Smart Context Assembly: Fewer Tokens, Better Quality
Today we're announcing Smart Context Assembly, an upgrade to how Zep's default Context Block is built: higher accuracy from fewer tokens, with no code changes.
Today we're announcing Smart Context Assembly, an upgrade to how Zep's default Context Block is built. It produces a smaller Context Block: fewer tokens, and more accurate answers. The same thread.get_user_context call you already make now returns the new Context Block automatically, with no SDK update required. It's available now to all Zep customers.
What Smart Context Assembly is
Smart Context Assembly is the new method that builds Zep's default Context Block. It retrieves across all six of Zep's context types: facts, entities, episodes, Observations, thread summaries, and the user summary.
The previous Context Block was built by running a separate search per context type with a fixed result limit per type, then combining the results into the block. That produced the same shape regardless of the query: a fixed number of facts, a fixed number of entities, and so on. Smart Context Assembly ranks candidates from the other five types simultaneously and fills the block up to a 2,500-character budget. The block's shape adapts to each query.

Smart Context Assembly is powered by Auto Search, a new graph search mode we're also announcing today. Auto Search runs the cross-scope ranking and the character-budget packing. It's also exposed as a standalone feature through graph.search, so you can call it directly from your own code.
Why it matters
Smart Context Assembly produces a much smaller Context Block with comparable quality. On the LoCoMo benchmark, it reaches 86.5% accuracy on a median of 2,680 tokens, versus 94.7% on 5,760 tokens for the legacy Context Block — less than half the tokens, for comparable accuracy.

In other runs, fewer tokens have even come with higher accuracy. On one LoCoMo run, a medium-sized legacy Context Block scored 80%, while a smaller Context Block from Smart Context Assembly scored 85%.

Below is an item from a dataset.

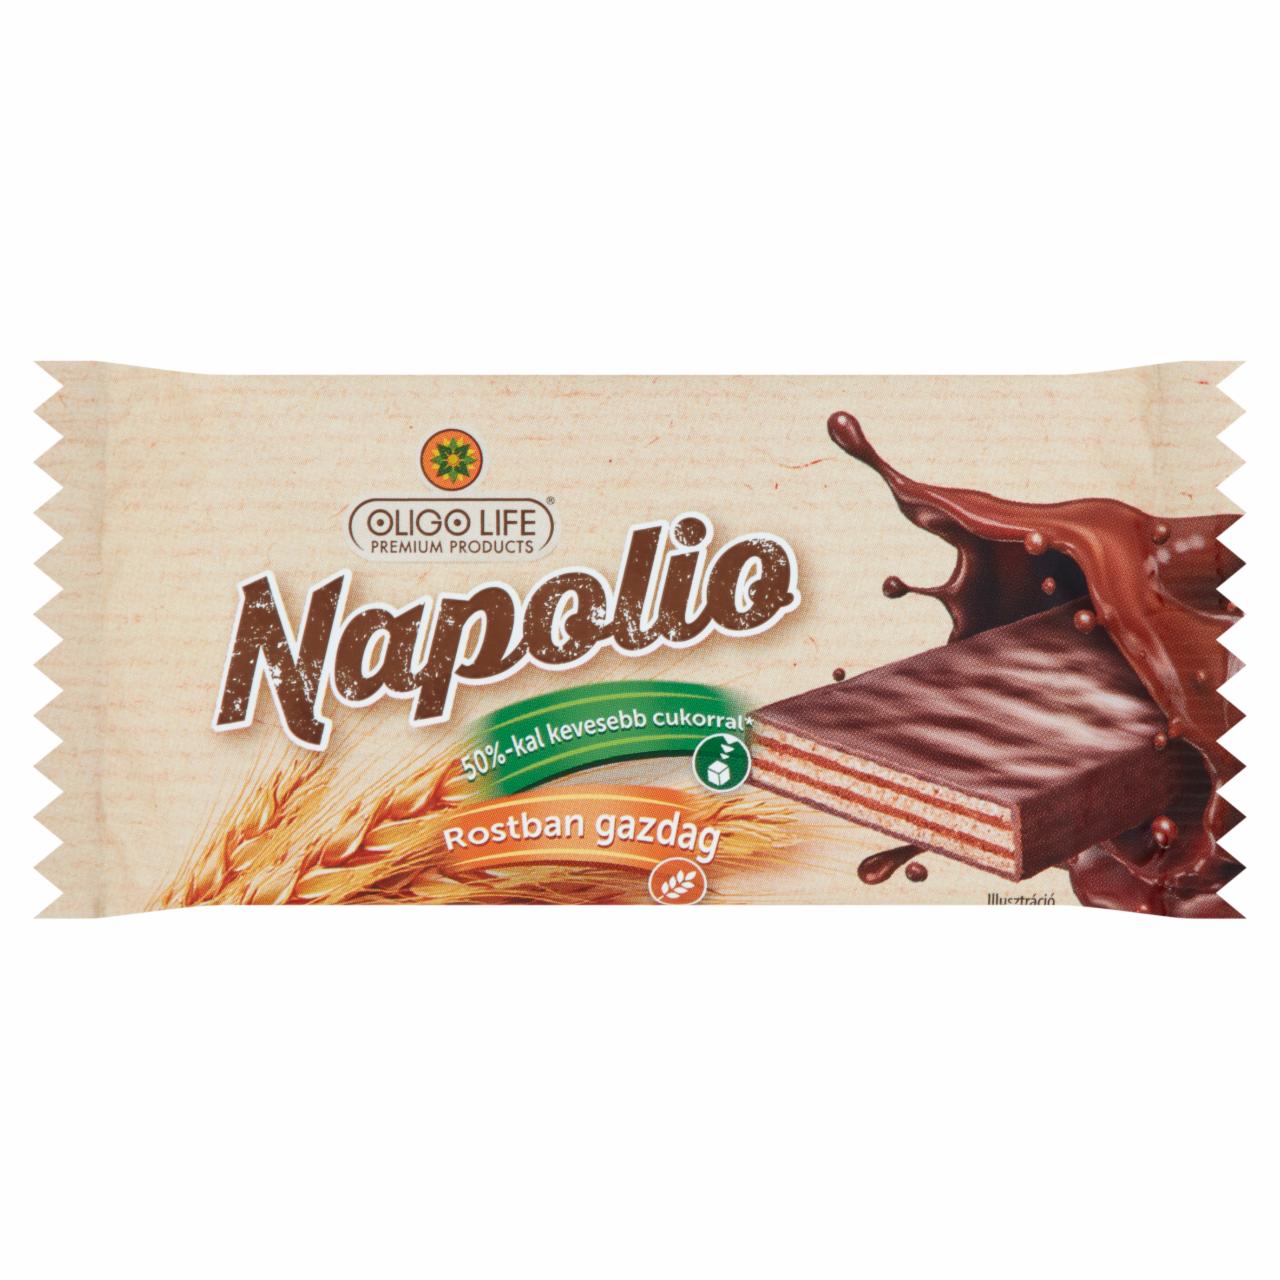 Képek - Oligo Life Napolio kakaós ostya 50%-kal kevesebb cukorral, rostban gazdag 30 g
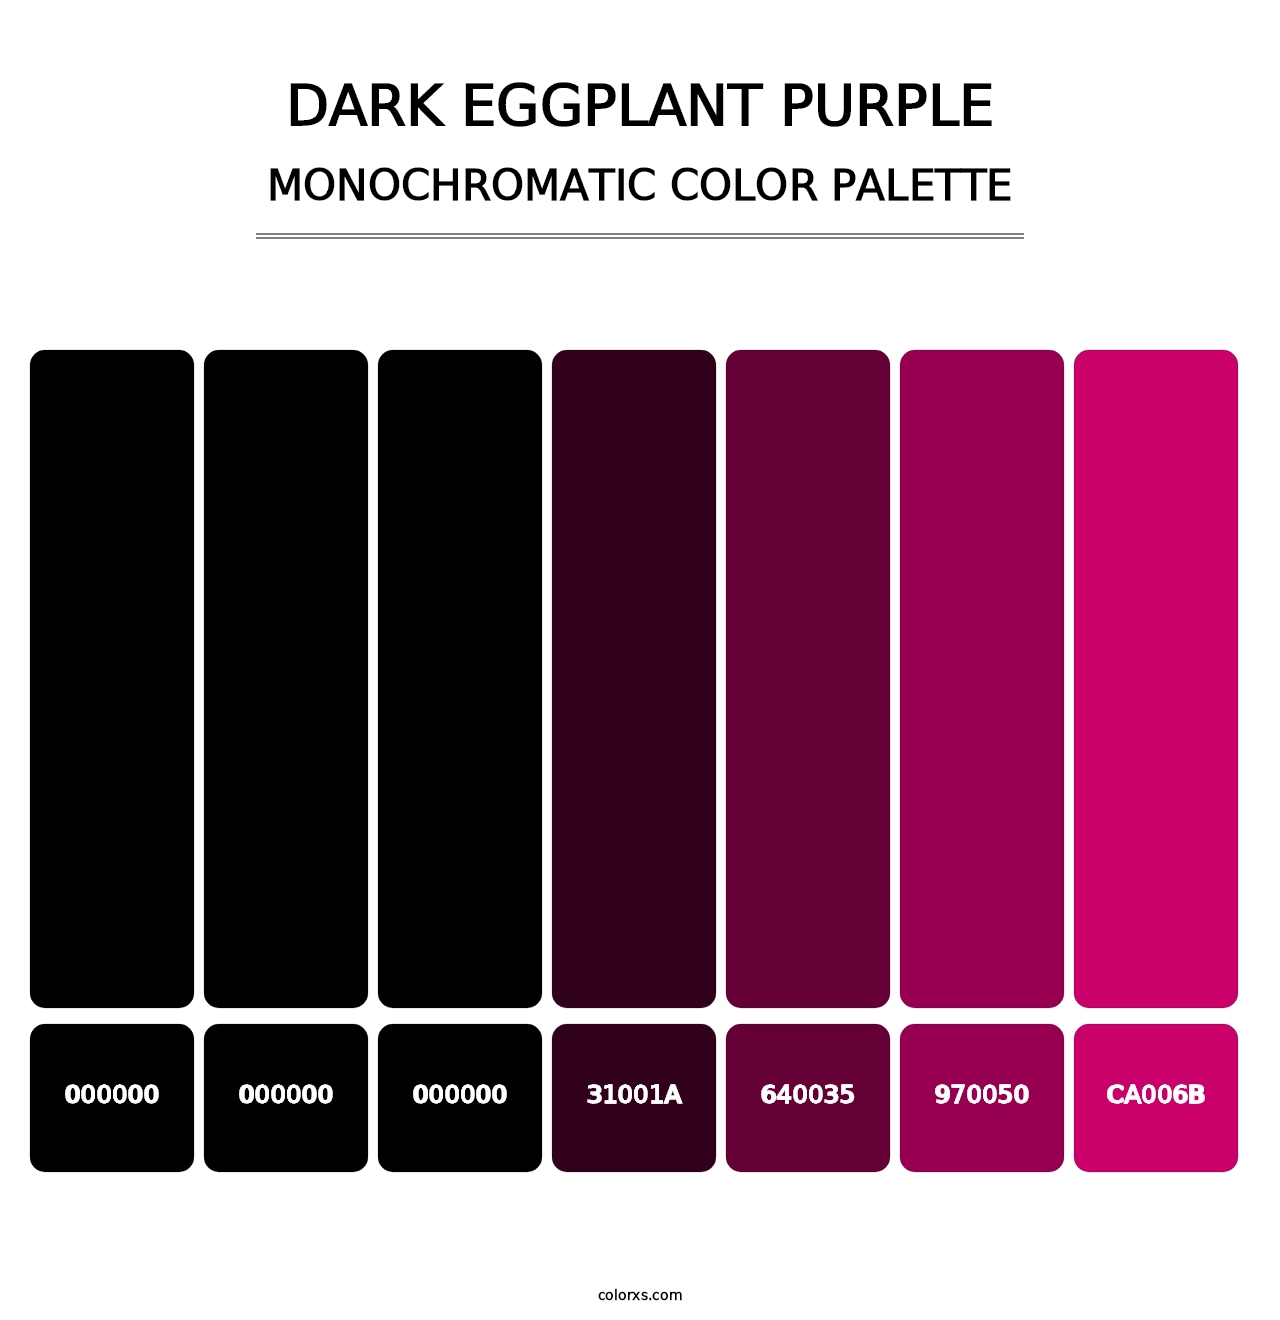 Dark Eggplant Purple - Monochromatic Color Palette

Fewer tokens means lower cost per call and more room in the context window for the rest of your agent’s prompt. The character budget also makes prompt sizes predictable across users and queries, so you can size context to your model and prompt budget without per-scope tuning.
How to use it
To use Smart Context Assembly, keep calling thread.get_user_context as you already do; it now returns the new Context Block automatically.
context = client.thread.get_user_context(thread_id="thread_abc123")
print(context.context)
To use Auto Search directly, call graph.search with scope="auto". The rendered Context Block comes back on results.context. Set max_characters to size it to your model's context window, and pass return_raw_results=True to also get the retrieved items as structured arrays.
results = client.graph.search(
user_id="user_abc",
query="What does Alice work on?",
scope="auto",
max_characters=4000,
)
print(results.context)
Getting started
To get started, see the Smart Context Assembly docs. Smart Context Assembly and Auto Search are both available to all Zep customers today.